##### RECORDS SHOWN #####

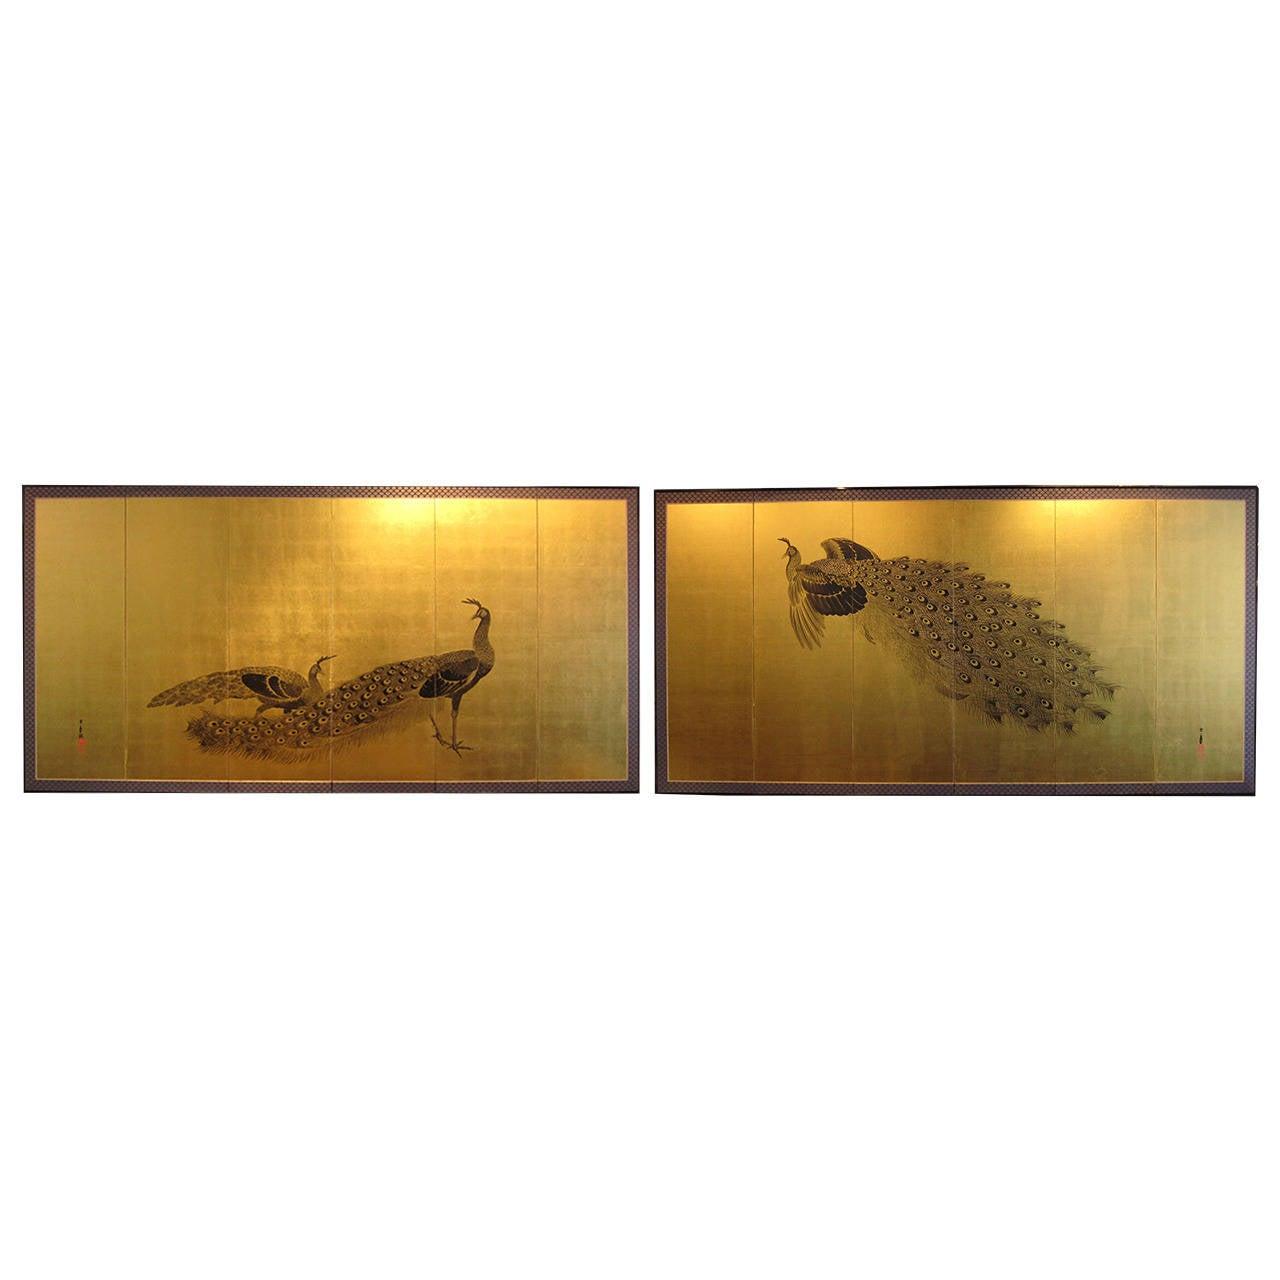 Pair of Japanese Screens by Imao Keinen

#####
##### RECORDS SHOWN #####

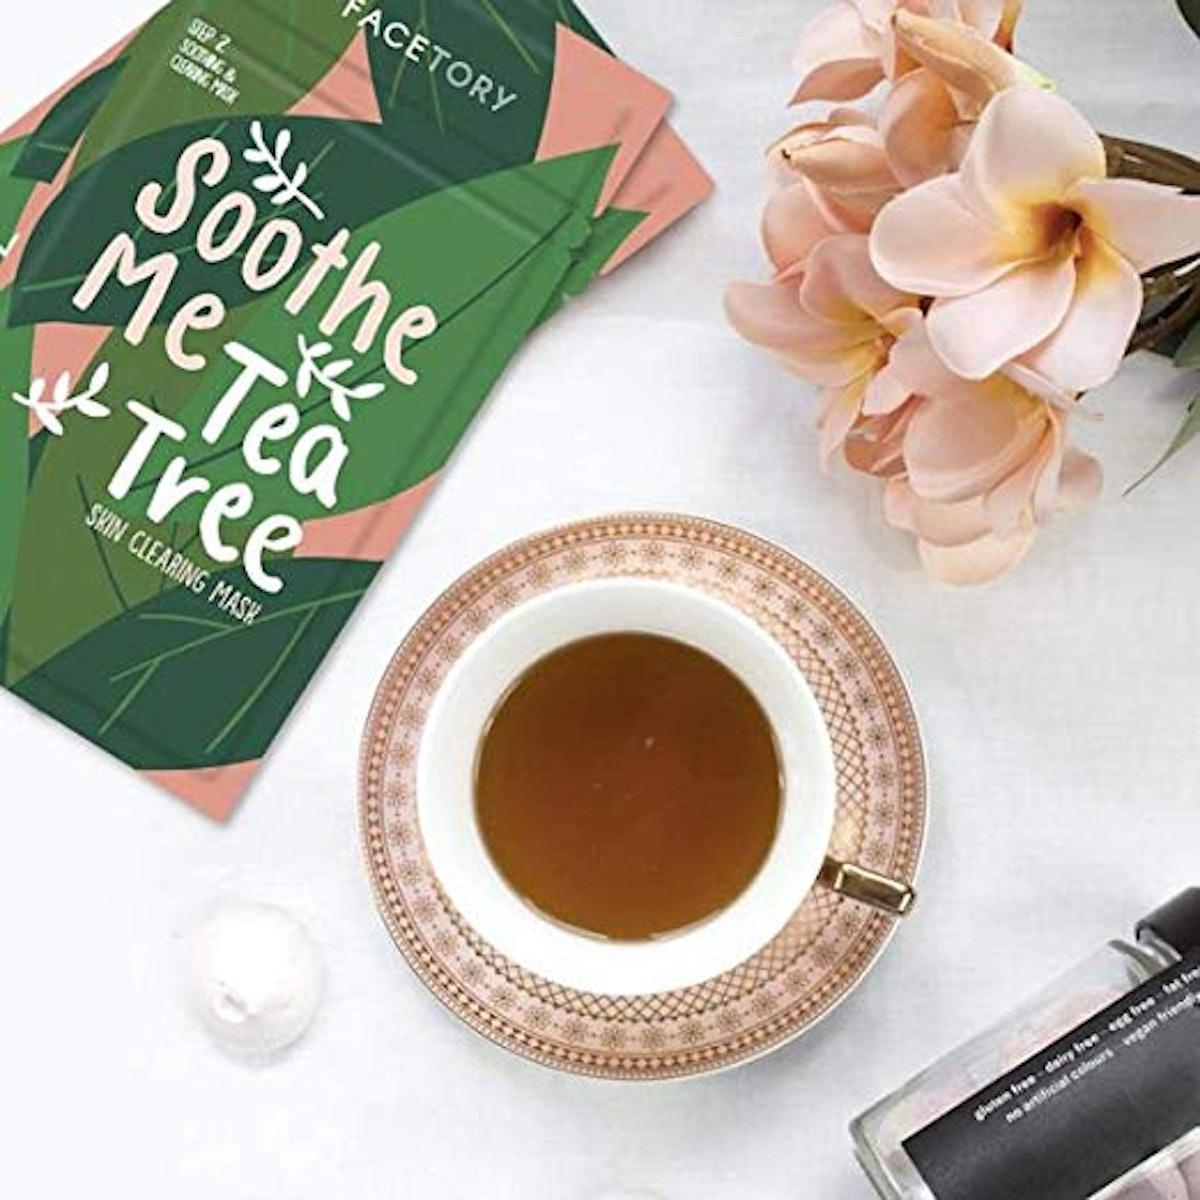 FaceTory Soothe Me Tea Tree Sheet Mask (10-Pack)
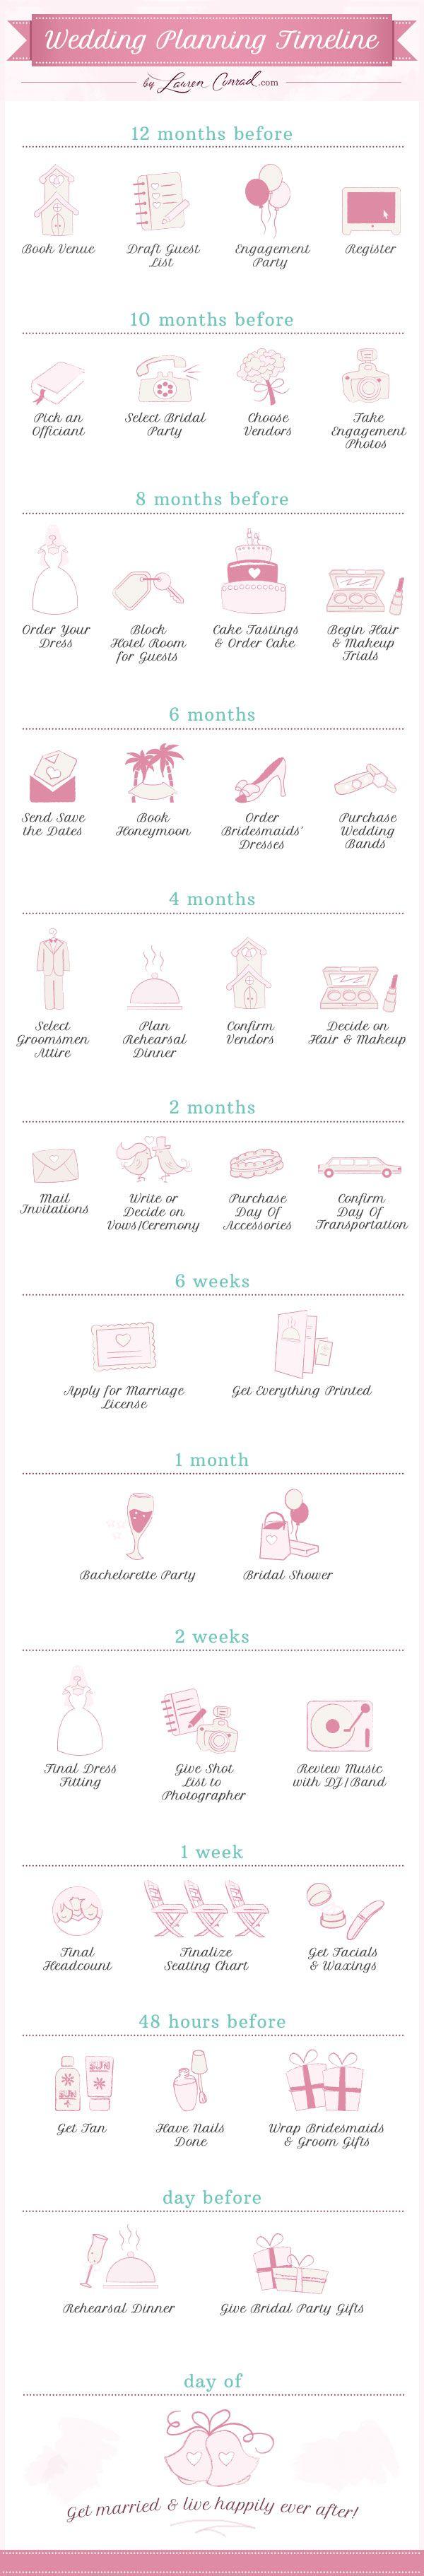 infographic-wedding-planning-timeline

#####
##### RECORDS SHOWN #####

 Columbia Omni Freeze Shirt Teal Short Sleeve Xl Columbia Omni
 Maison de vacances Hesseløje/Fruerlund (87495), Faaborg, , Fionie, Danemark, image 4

#####

* WORK INSTRUCTIONS
For this task, return exactly the stretch of the listing above from the line with "FaceTory Soothe Me" through the line with "infographic-wedding-planning-timeline", inclusive and without pictures.

* EXERCISE ANSWER
 FaceTory Soothe Me Tea Tree Sheet Mask (10-Pack)
 infographic-wedding-planning-timeline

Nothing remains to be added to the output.